=== What to do ===
Set down each line of the data exactly, but not the pictures.

=== Supplied information ===

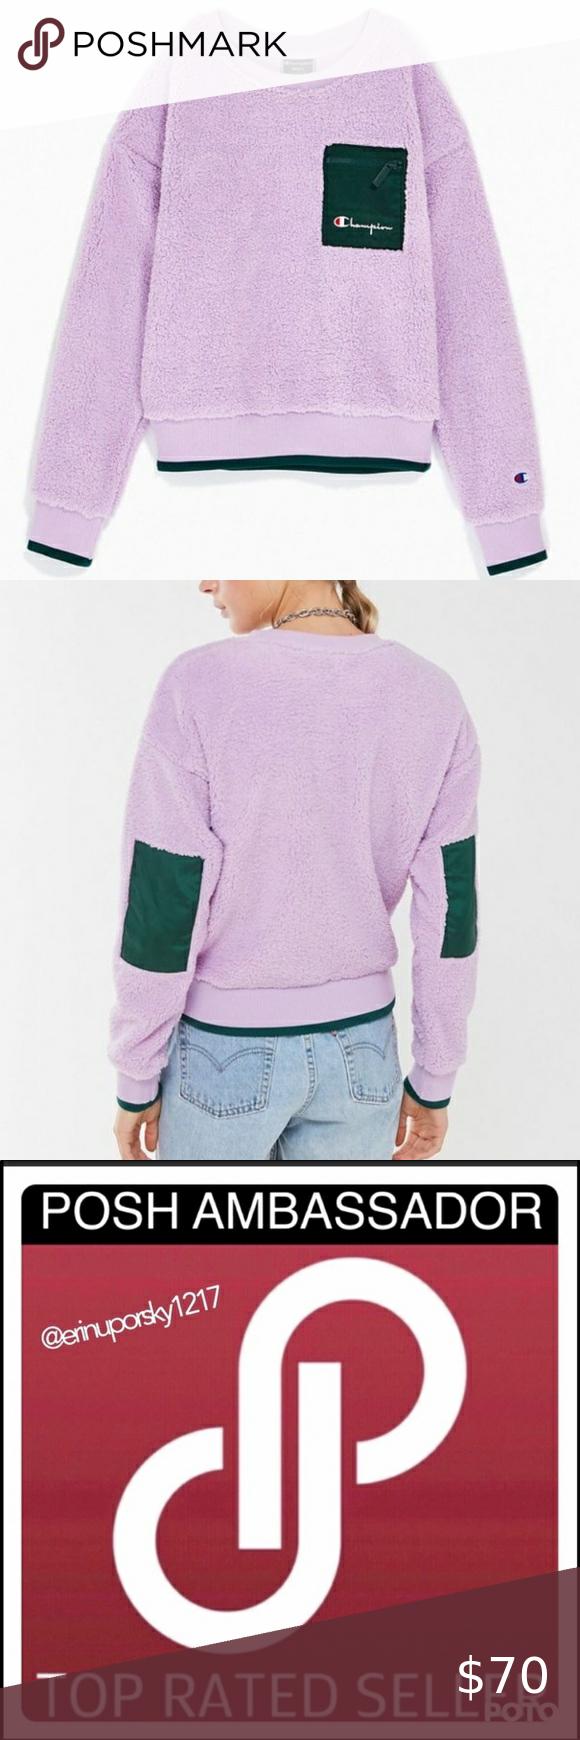 Vintage Details Nwt Rare Champion Uo Exclusive Nwt Neck Designs Clothes Design Sweatshirt Tops [ 1740 x 580 Pixel ]
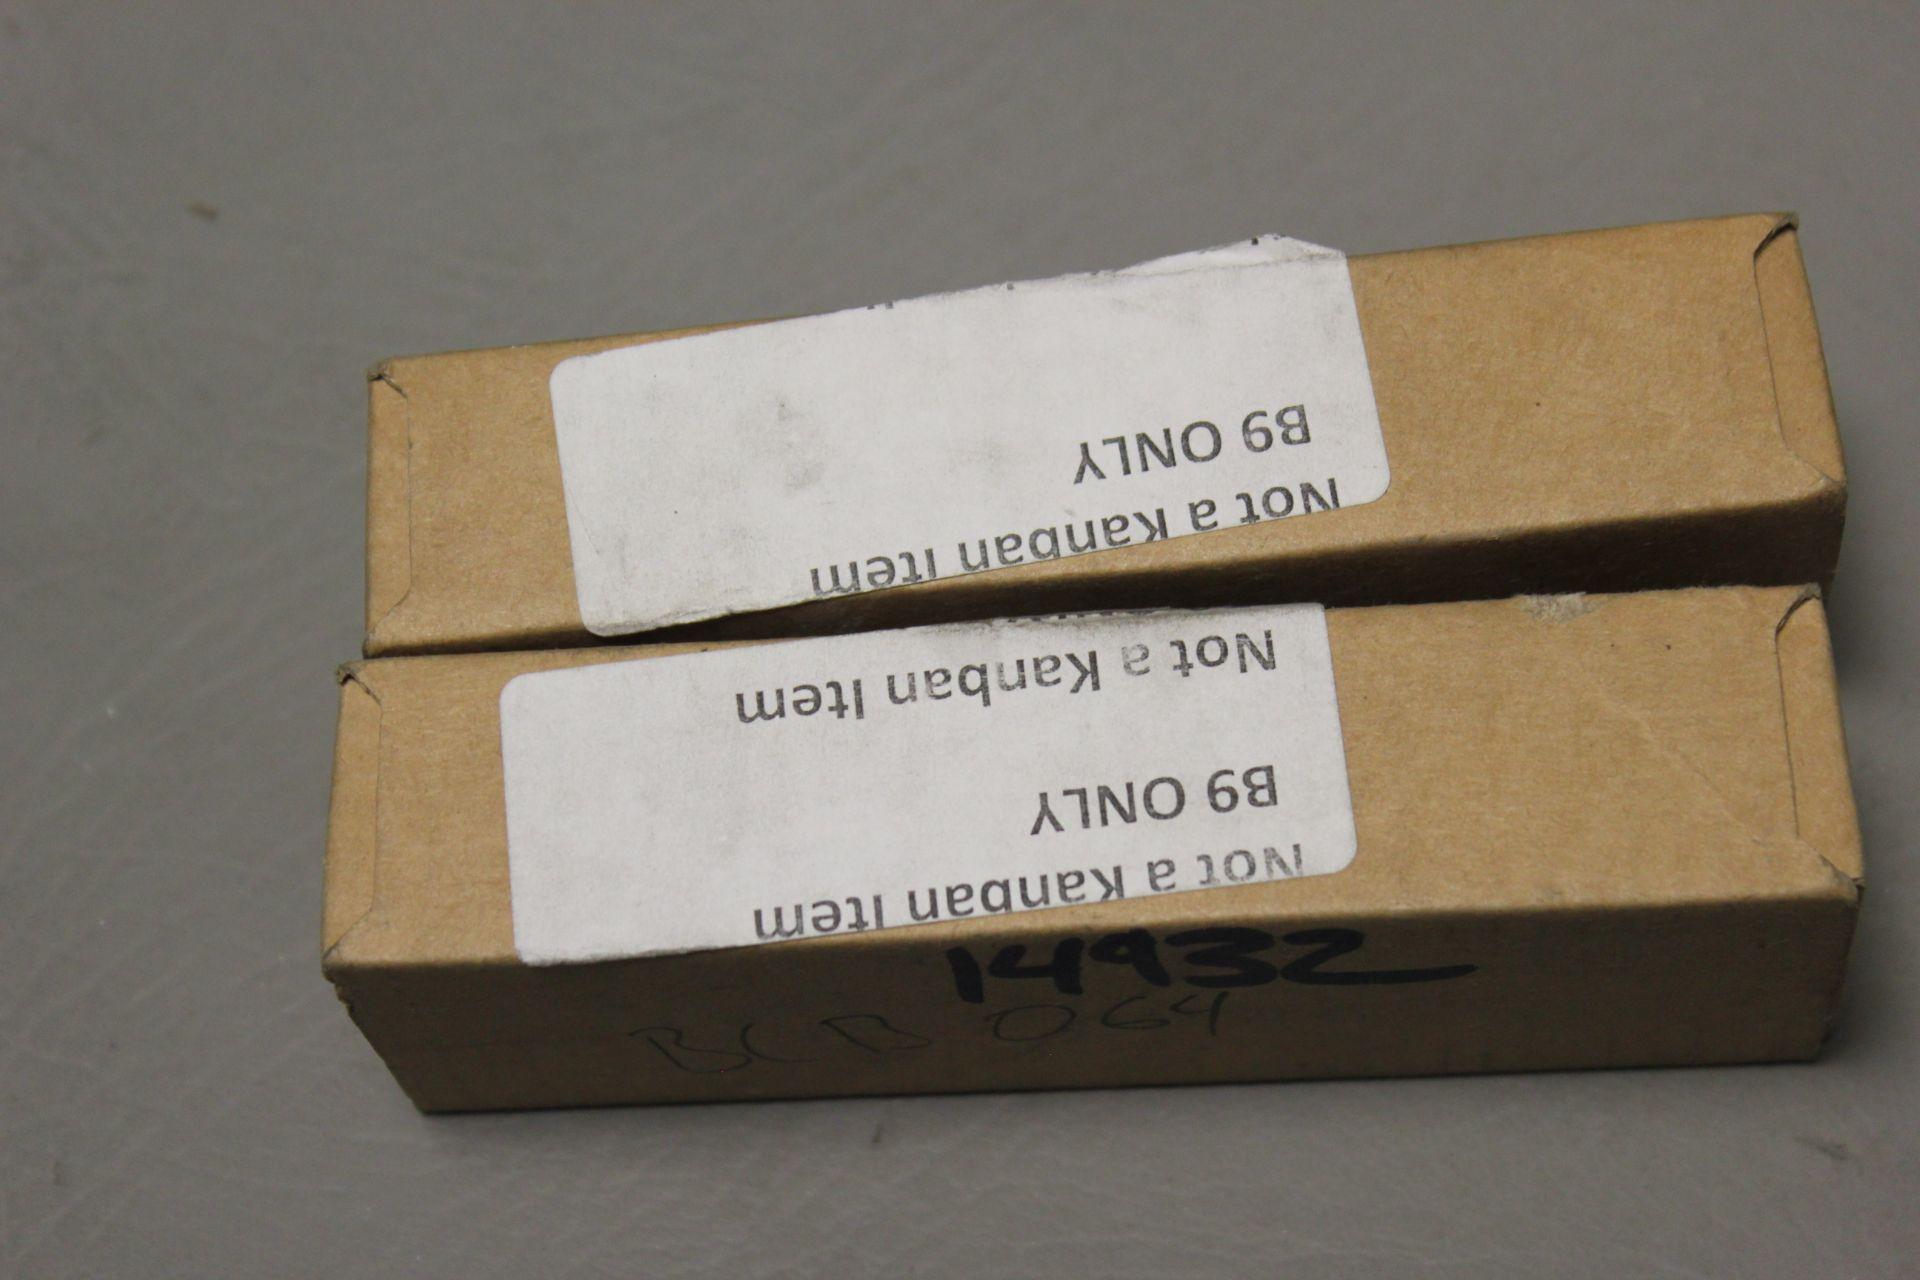 LOT OF NEW SIEMENS PLC BASE UNITS - Image 3 of 5
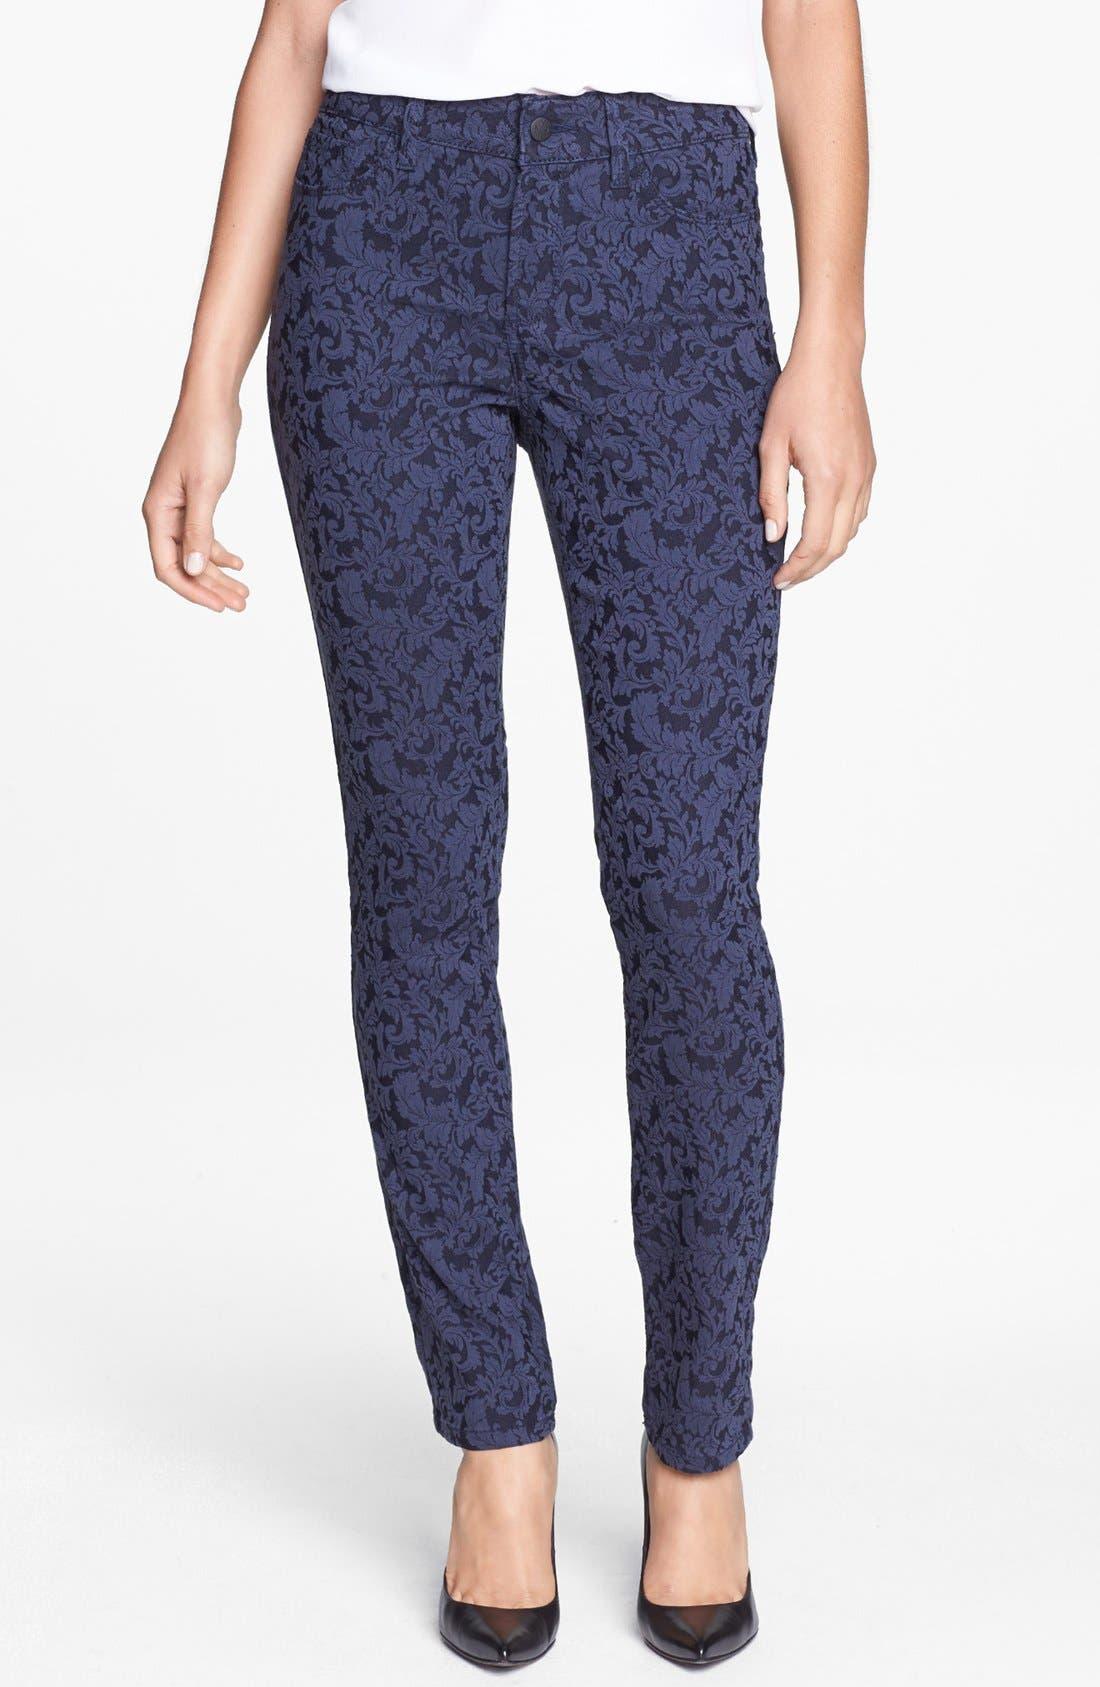 Main Image - NYDJ 'Jade' Patterned Stretch Skinny Jeans (Navy Jacquard)

=== Result of this exercise ===
 Vintage Details Nwt Rare Champion Uo Exclusive Nwt Neck Designs Clothes Design Sweatshirt Tops [ 1740 x 580 Pixel ]
 LOT OF NEW SIEMENS PLC BASE UNITS - Image 3 of 5
 Main Image - NYDJ 'Jade' Patterned Stretch Skinny Jeans (Navy Jacquard)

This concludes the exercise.